I didn’t have much time to process the BRCA1 (genetic mutation) issue that caused my cancer in the beginning. Unfortunately, I found that time recently. I’ve been trying to figure out whether I can wait a bit before having my ovaries removed, but instead I keep finding bad news about the kind of cancer I have and what my girls will be faced with. All I can do about that is pray they won’t have the gene and that treatments will return by then.

I’m meeting my radiologist Thursday, but if things go as expected I’ll have surgery in 7 weeks, then start radiation after that. I won’t be able to have the immediate reconstruction anymore. It could be up to 2 more years before the reconstruction, which I’m struggling with. Just one week ago I thought I’d be entirely done with cancer treatment in less than a month, so this is another downer. However, at the start of this no one would have promised me a reconstruction because they figured I’d be dead by then. But this is such a whirlwind these are just the things I use to convince myself to be happy. It’s a little harder than I wish.

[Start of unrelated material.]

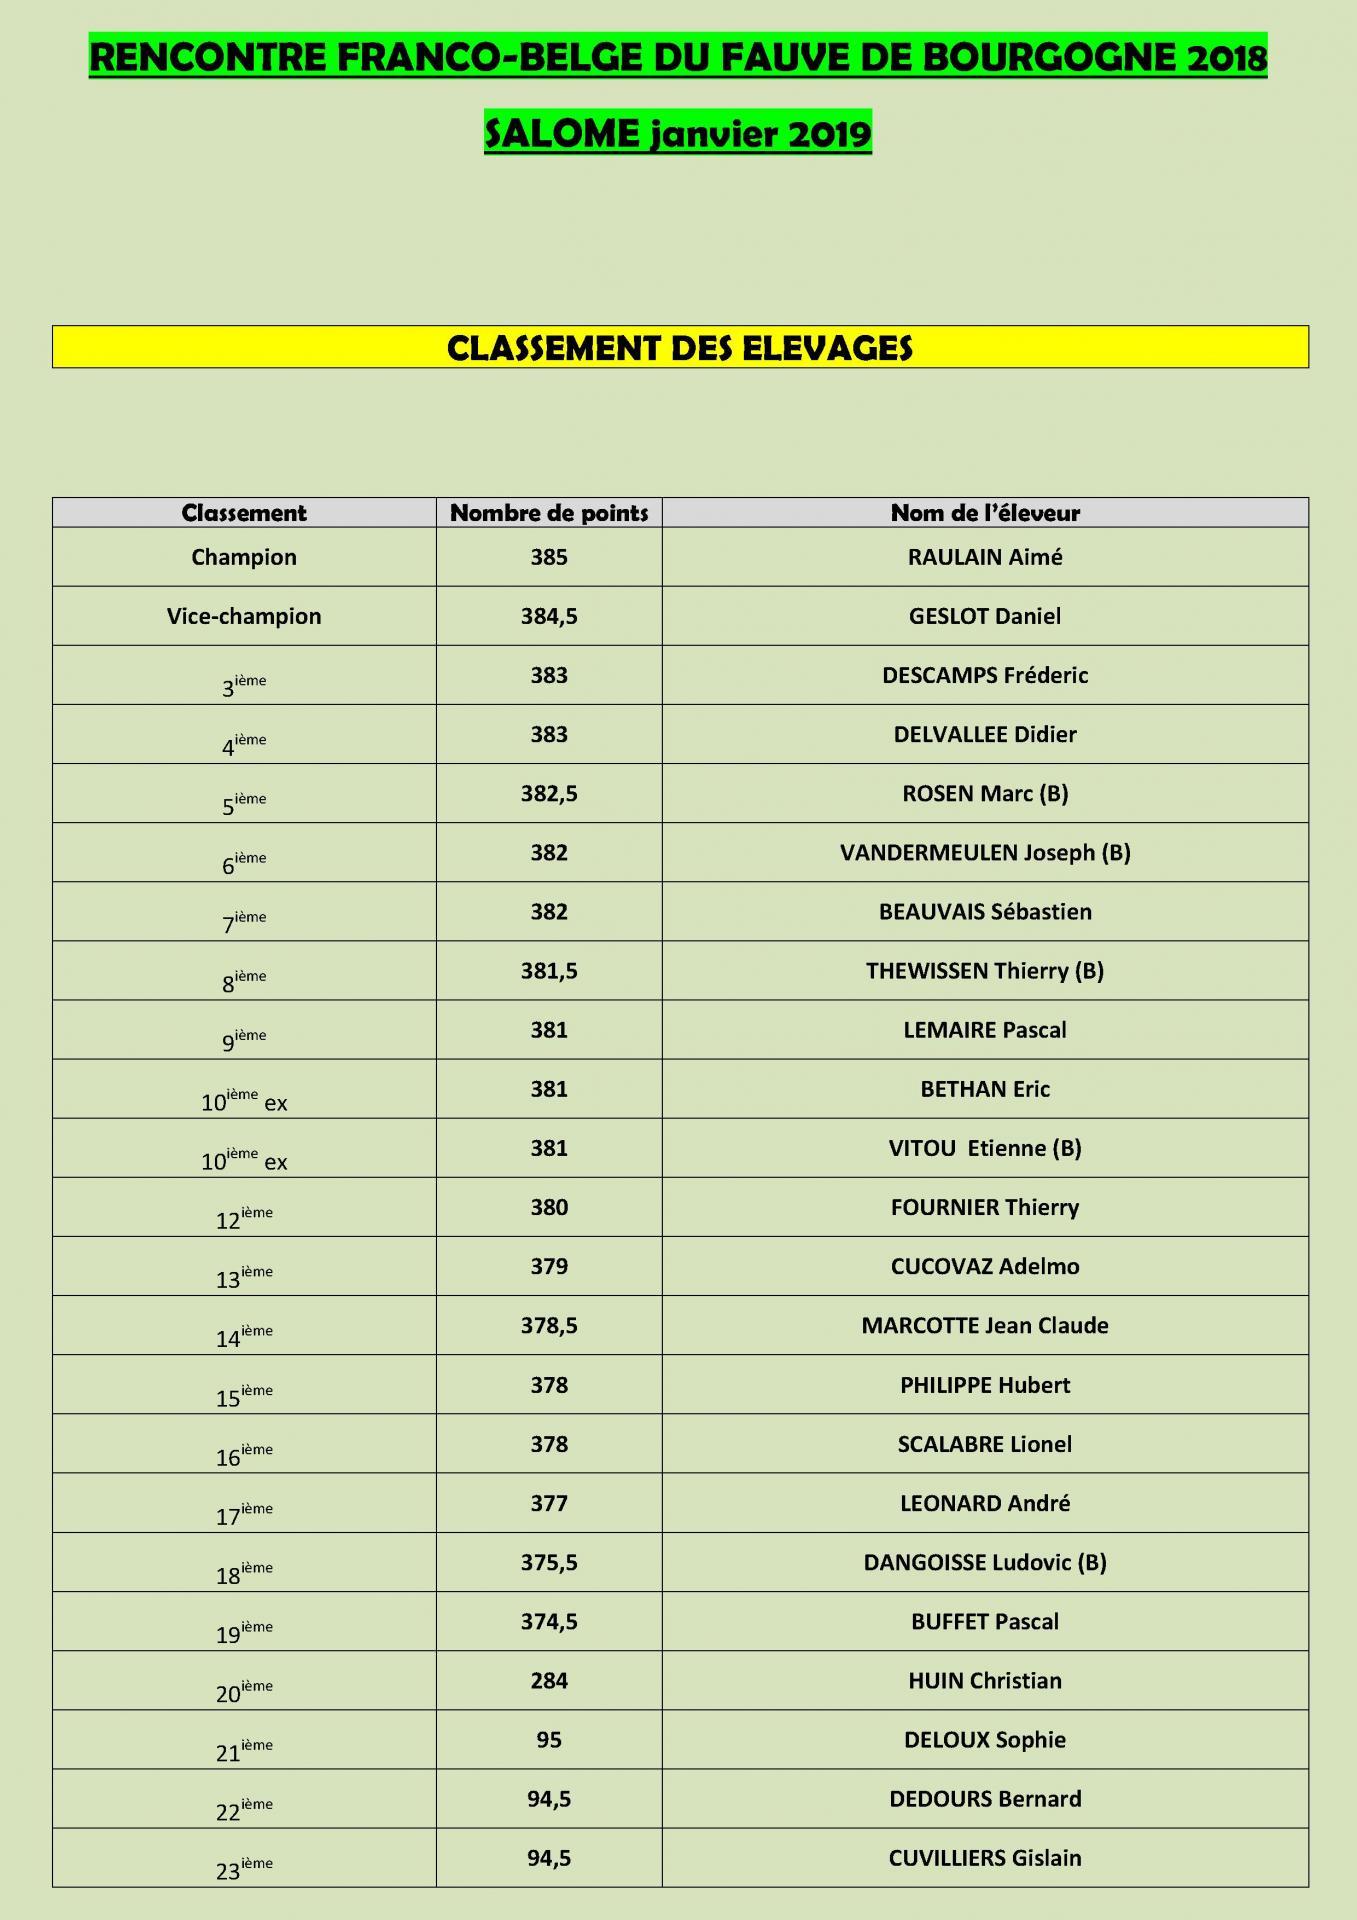 Rencontre franco belge salome 2018 elevages pour le site 1

Anyway, all this ties in to Easter (oh, right, this is one day I shouldn’t be talking about myself!), and the reminder of what I need to do. When the disciples noticed they were out of food to feed people, they started trying to figure out what to do. Didn’t occur to them to go straight to the source. Jesus said, “Why are you discussing that you do not have any bread? Do you not yet understand or comprehend? Is your heart hardened? Do you have eyes, and not see, and do you have ears, and not hear? And DO YOU NOT REMEMBER? When I broke the five loaves for the 5,000, how many baskets full of pieces of bread did you collect?” Mark 8:17-19.

I need to remember. Remember the sacrifice He made 2000 years ago. Remember the healing He did for me 2 months ago. And everything in between. He is the great I AM, who is the same yesterday, today, and tomorrow. He is unchangeable, unbreakable, slow to anger, loving, and gentle. He is the God I worship and will honor, no matter what the cost.